- 別所 諒
- ビジョン・コンサルティング 別所諒 主宰
- 東京都
- マーケティングプランナー
対象:営業
どうしても達成したい目標を設定すれば、人は大きな力を発揮する。
さらに、目標の先に大切な人を幸せにするという目的が加わるとその力は本人の想像を超えることがある。
一方で、力があっても他人から強制的に目標を与えられてしまえば、持っている力すら出せない。
オリンピックを見て思うのは、前者は水泳、バドミントン、卓球、フェンシング、男女サッカーであり、後者は柔道になろう。体操、陸上、女子バレーはエース以外の選手の目標の設定が少し不明確だったかもしれない。
まさに古い体質の会社と新しい会社の違いに似ている。
伝統を重んじることは重要だ。しかし、伝統は過去の栄光ではない。現在の選手たちを、過去の栄光に縛り付けて叱咤するのは崩壊していく組織そのものである。
体力に勝り、日本柔道の技を研究している外国人選手は勝って当たり前の相手ではない。なのに、銀メダルを獲得しても、「悔しい」と言わせ、金メダル以外に課題を指摘するのは、悪しき日本的体質ではないか。

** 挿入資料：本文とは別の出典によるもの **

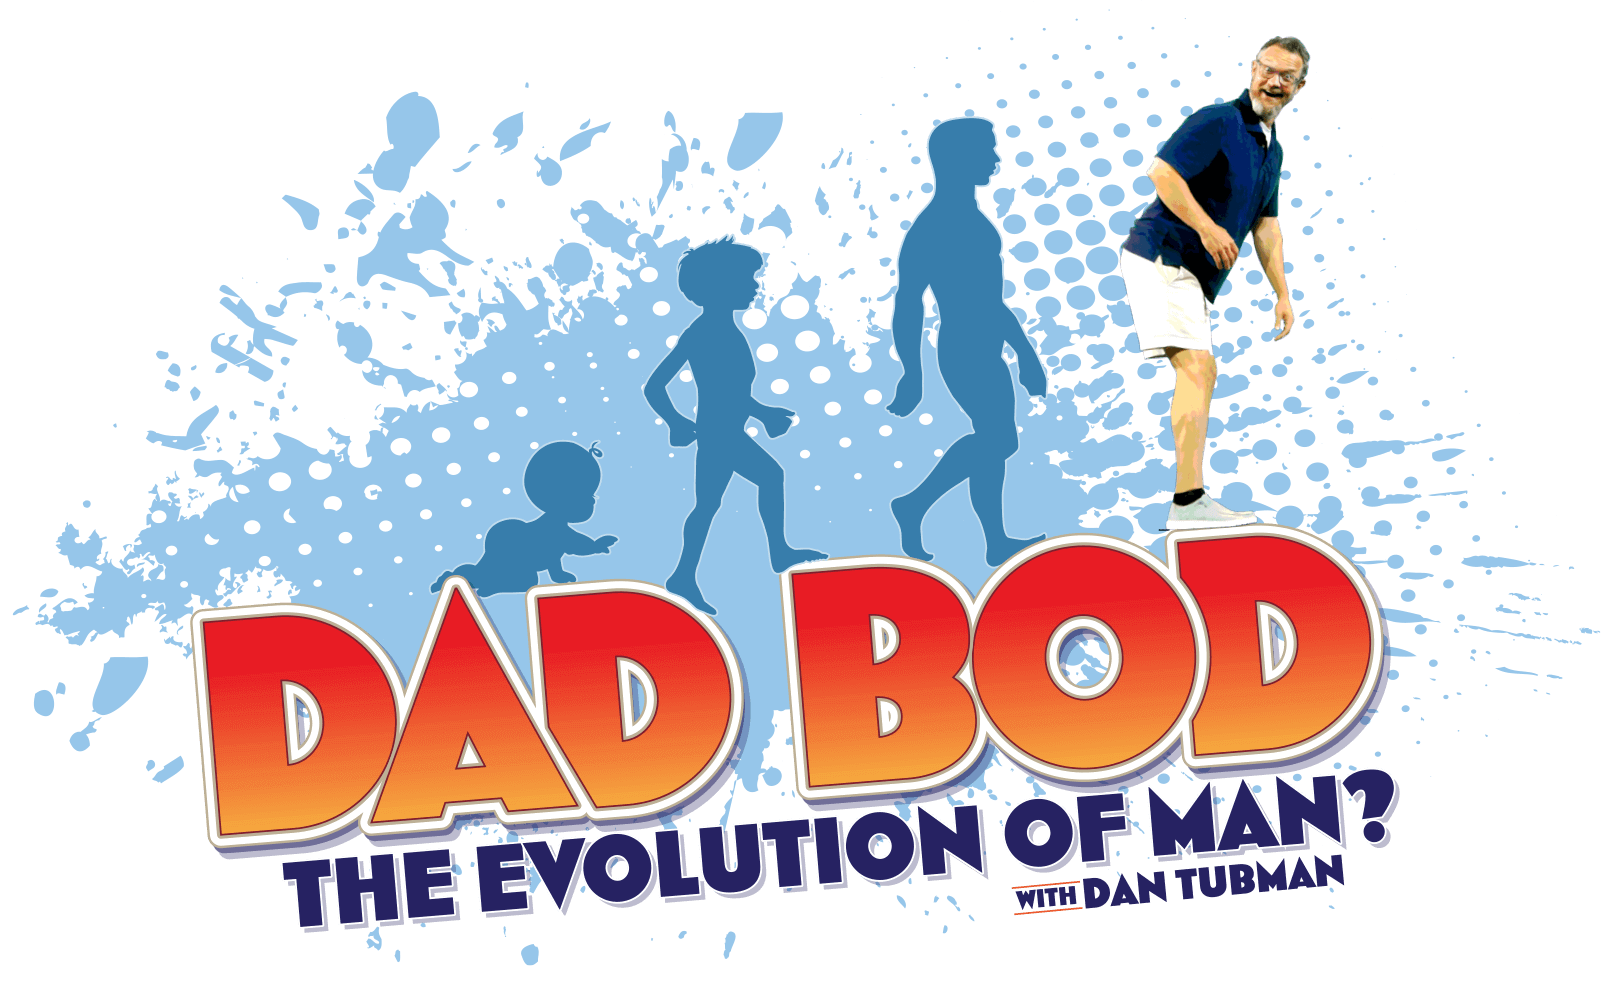 DadBod: The Evolution of Man?

柔道関係者が、松本薫のような闘志むき出しの選手を好むのは、そのような稽古に明け暮れた自己の経験によるものだろうが、人には性格があるし、すべての選手が闘志をむき出しにする必要はない。
かつてのボクシングの名トレーナーエディ・タウンゼント氏が、試合直前の選手に「あいつをぶちのめしてやりなさい!」と言っていたのを見たことがある。それはビビる選手を鼓舞するとともに、自分が自分の選手を信じようとする心の叫びだったように思う。

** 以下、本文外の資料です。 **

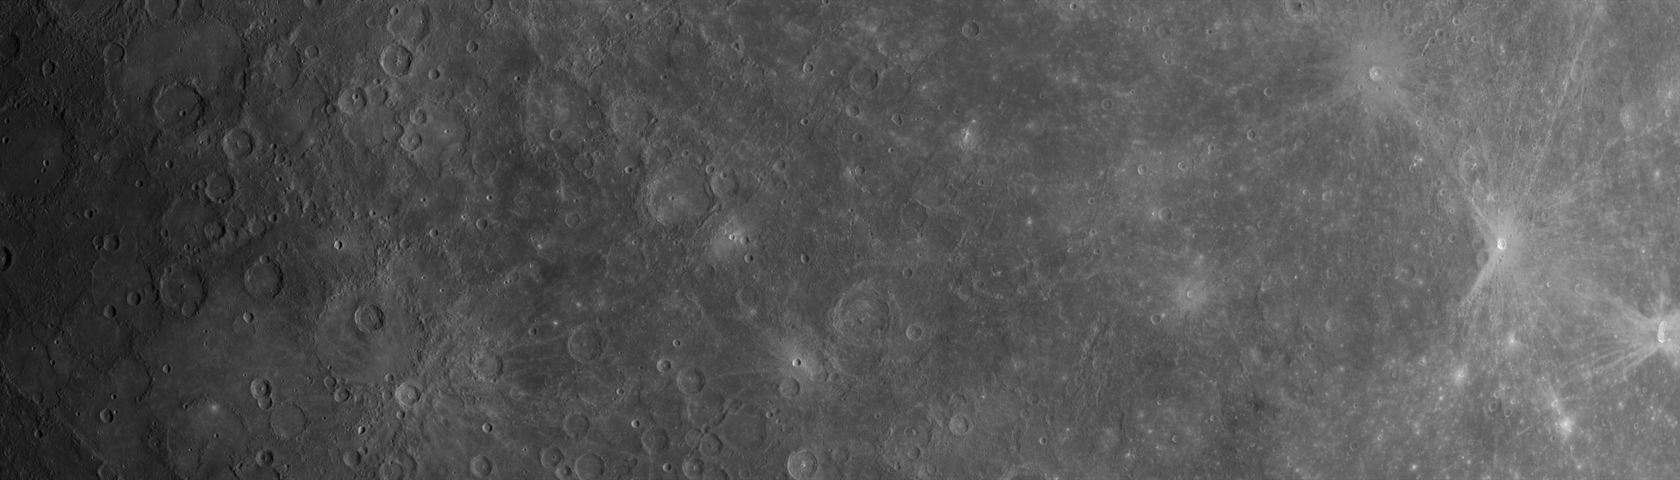 Mercury Close-Up

プロボクシングはプロゆえに勝つことがすべてのスポーツだ。だからこそ、自分が育てた選手が負けた時、人が去っていく中で、エディ氏は一晩中、選手の腫れた顔をやさしく撫でていたという。それが指導者の姿だと思う。
世界的な選手でも、大舞台で平常心を失うこともあるだろう。それは、選手のメンタルが弱いのではなく、余計なプレッシャーを与え続けた指導者に問題があると思う。
責任感の強さゆえに自らの命を絶ったマラソンの円谷幸吉の悲劇を繰り返したいのか。
全力を尽くして負けた選手を断罪するような監督や指導者はあってはならない。
男子柔道監督の篠原氏は、自分の現役時代のビデオを見れば(闘志むき出しではなかったのでは?)、もう少し選手に寄り添うことができると思う。その時、新しい日本柔道が誕生すると思うが、いかがだろうか?
団体戦でこそ、日本の強さが発揮されるのだから。